A plan to provide bakeries in Idlib with free flour was scrapped because the Salvation Government insisted on limiting beneficiaries to bakeries it is affiliated with, the 29-year-old said.
"Our activities as an organisation have become very modest since this happened to us," he added.
The governing body is also trying to ensure its affiliates are among those who secure tenders with aid agencies, which attempt to avoid this through screening, he said.
"They want a cut of any project implemented in the area," he said.
The encroachment has sparked concern that relief items and aid money may fall in the wrong hands.
Ms Sider, of the NRC, said: "In this environment, aid agencies cannot completely eliminate the risk of diversion and we'd like donors to recognise this."
The UN has said it is taking extra measures to combat diversion.
They include "additional screening from partners, suppliers, even workers, staff, and third-party monitoring, including the use of modern technology – barcoding, establishing hotlines to be able to be sure that aid reaches the right people," the UN regional coordinator for Syria, Panos Moumtzis, said.
There has yet to be any major decrease in humanitarian assistance but some donors have cut funding, said Ahmed Mahmoud, Syria director for the Islamic Relief charity.
"So far, five major hospitals have had to close entirely and seven other medical facilities – including hospitals focusing on paediatrics and obstetrics – severely cut back their operations due to funding cuts," he said.
Though there could also be other reasons, "some donors may have concerns regarding the shifts in control in northwestern Syria, which may have affected their funding decisions.

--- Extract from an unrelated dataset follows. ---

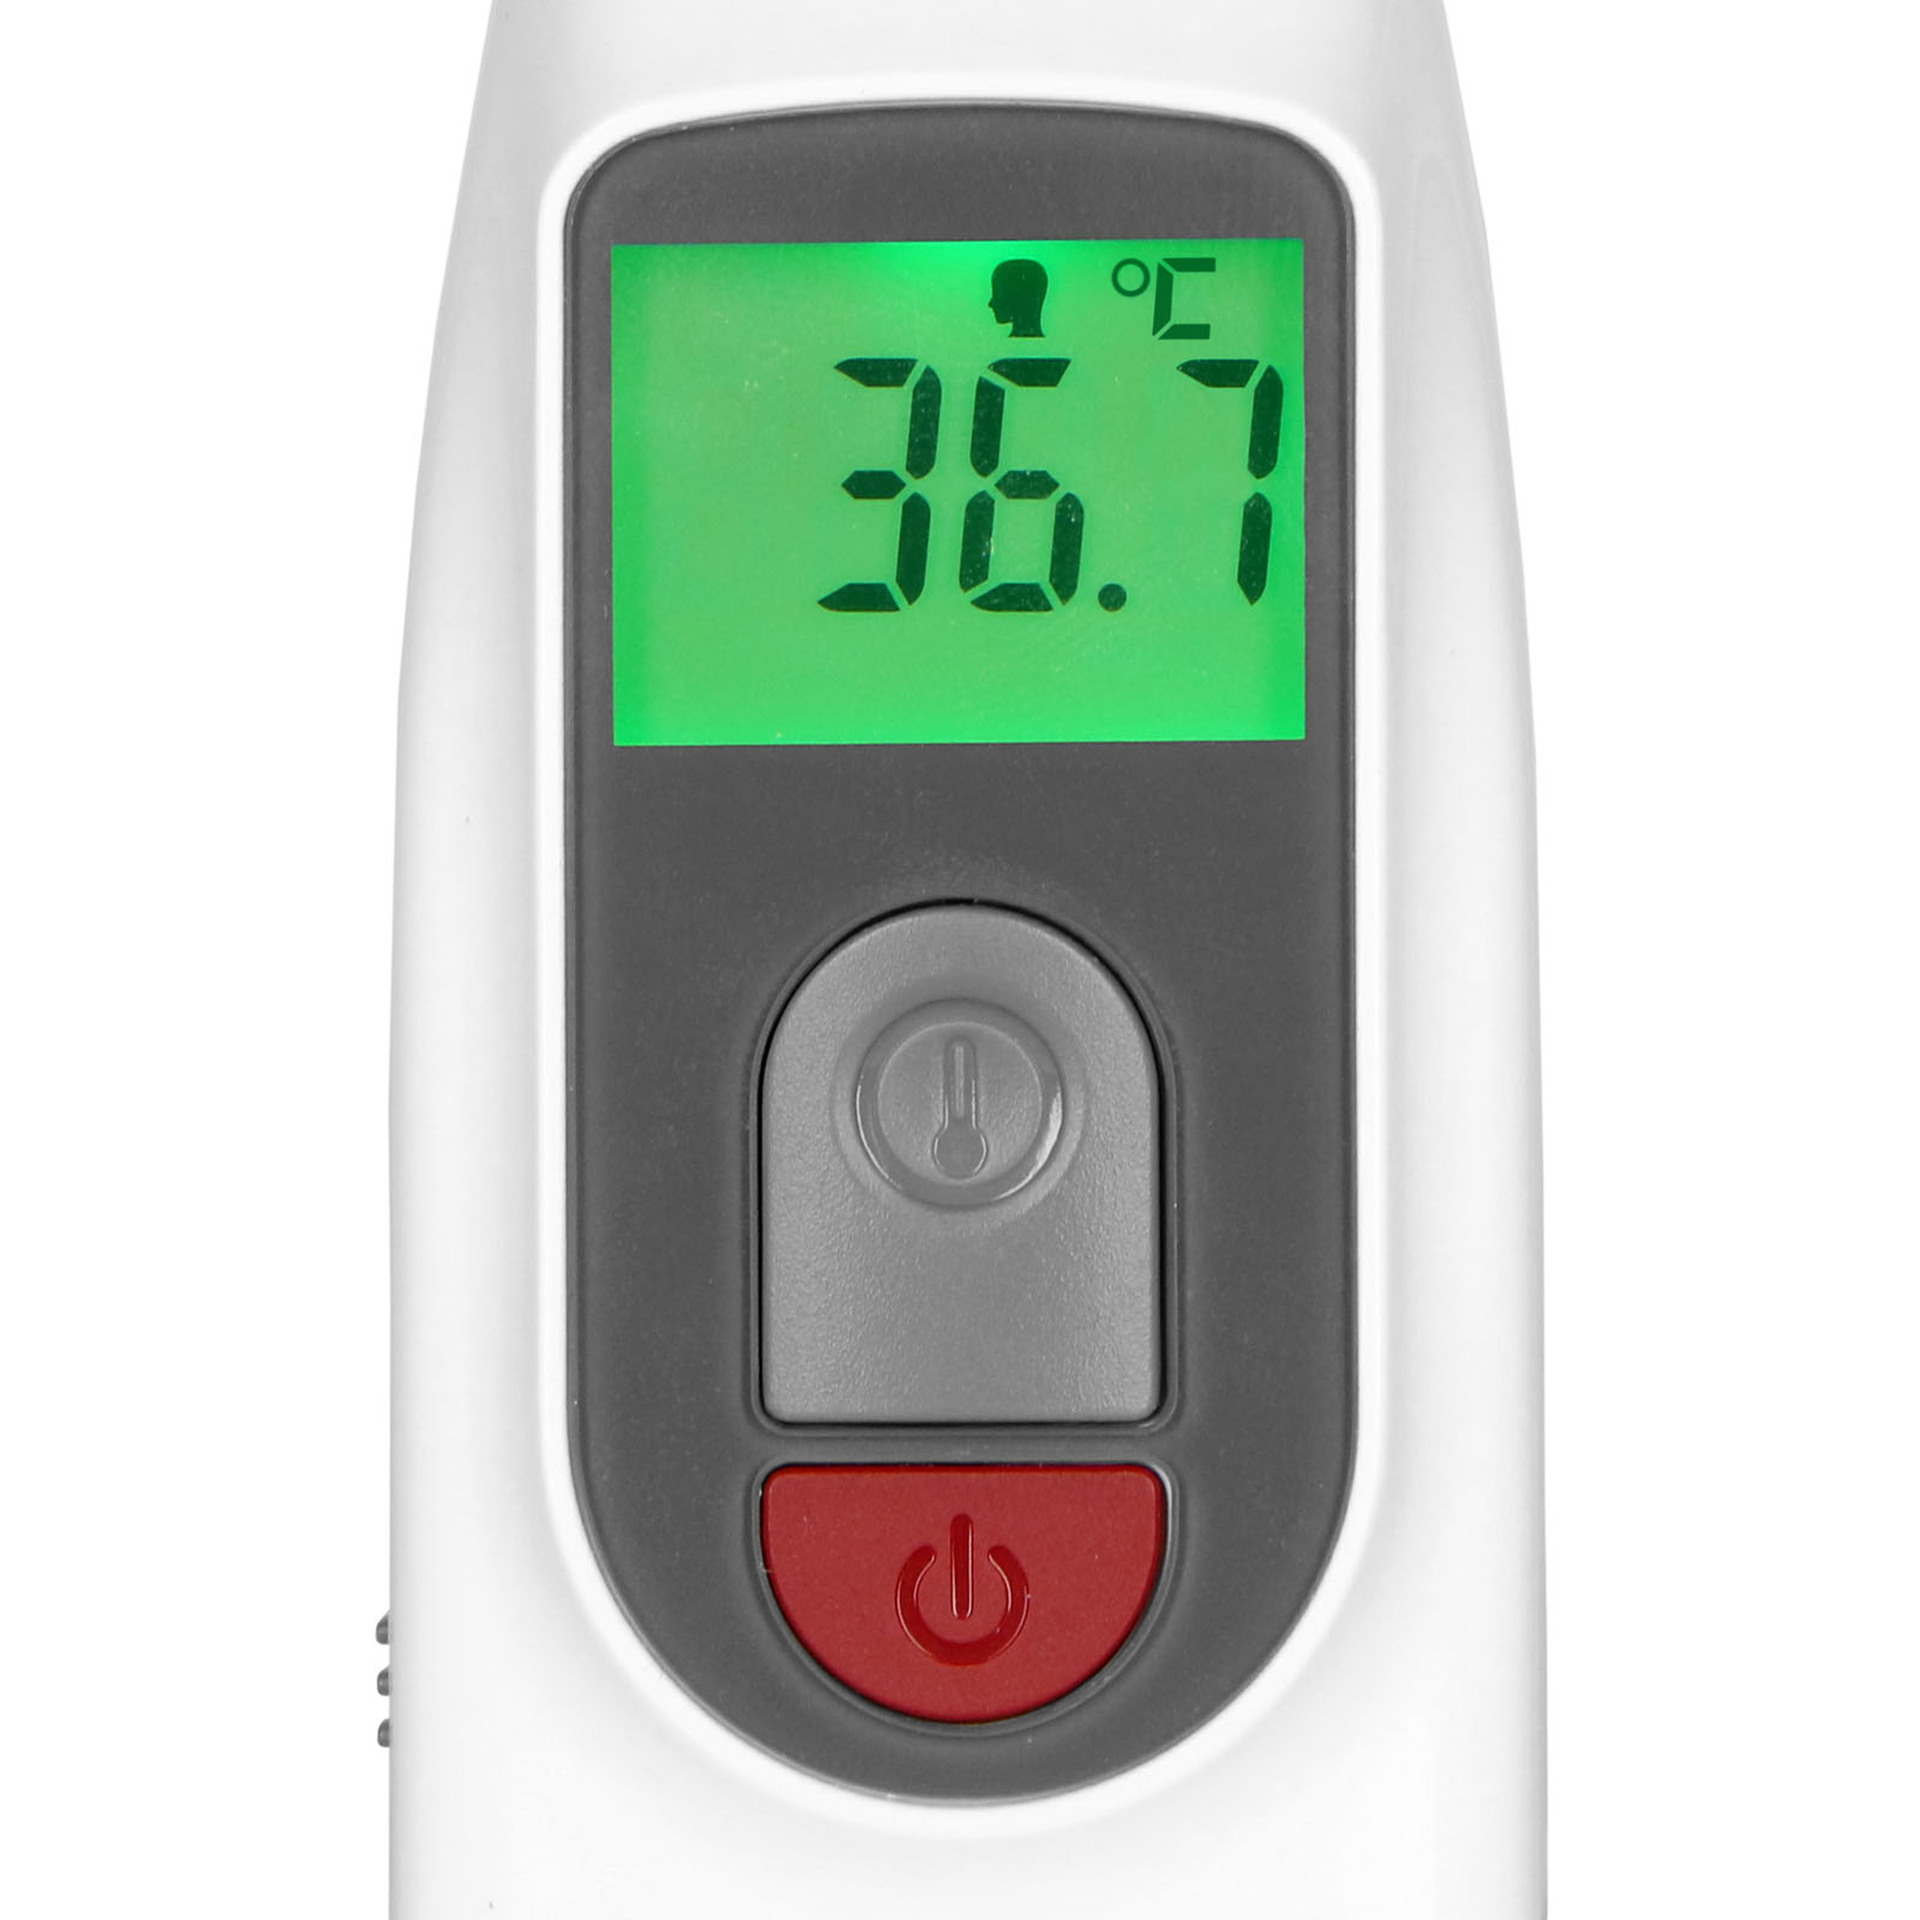 Infrarot-Thermometer ALECTO der BC38 an Stirn) (Messart:

"As one facility after another shuts its doors, the pressure only grows on those that remain," he said.
For its part, the Salvation Government denies jeopardising relief efforts.
A Salvation Government official in charge of coordinating aid, who gave his name as Dr Jihad, said the administration was "striving to organise [humanitarian] work" by strengthening cooperation with relief agencies and facilitating aid deliveries.
"The more we share responsibility and decision making and the more we coordinate our work, the better the results," he said.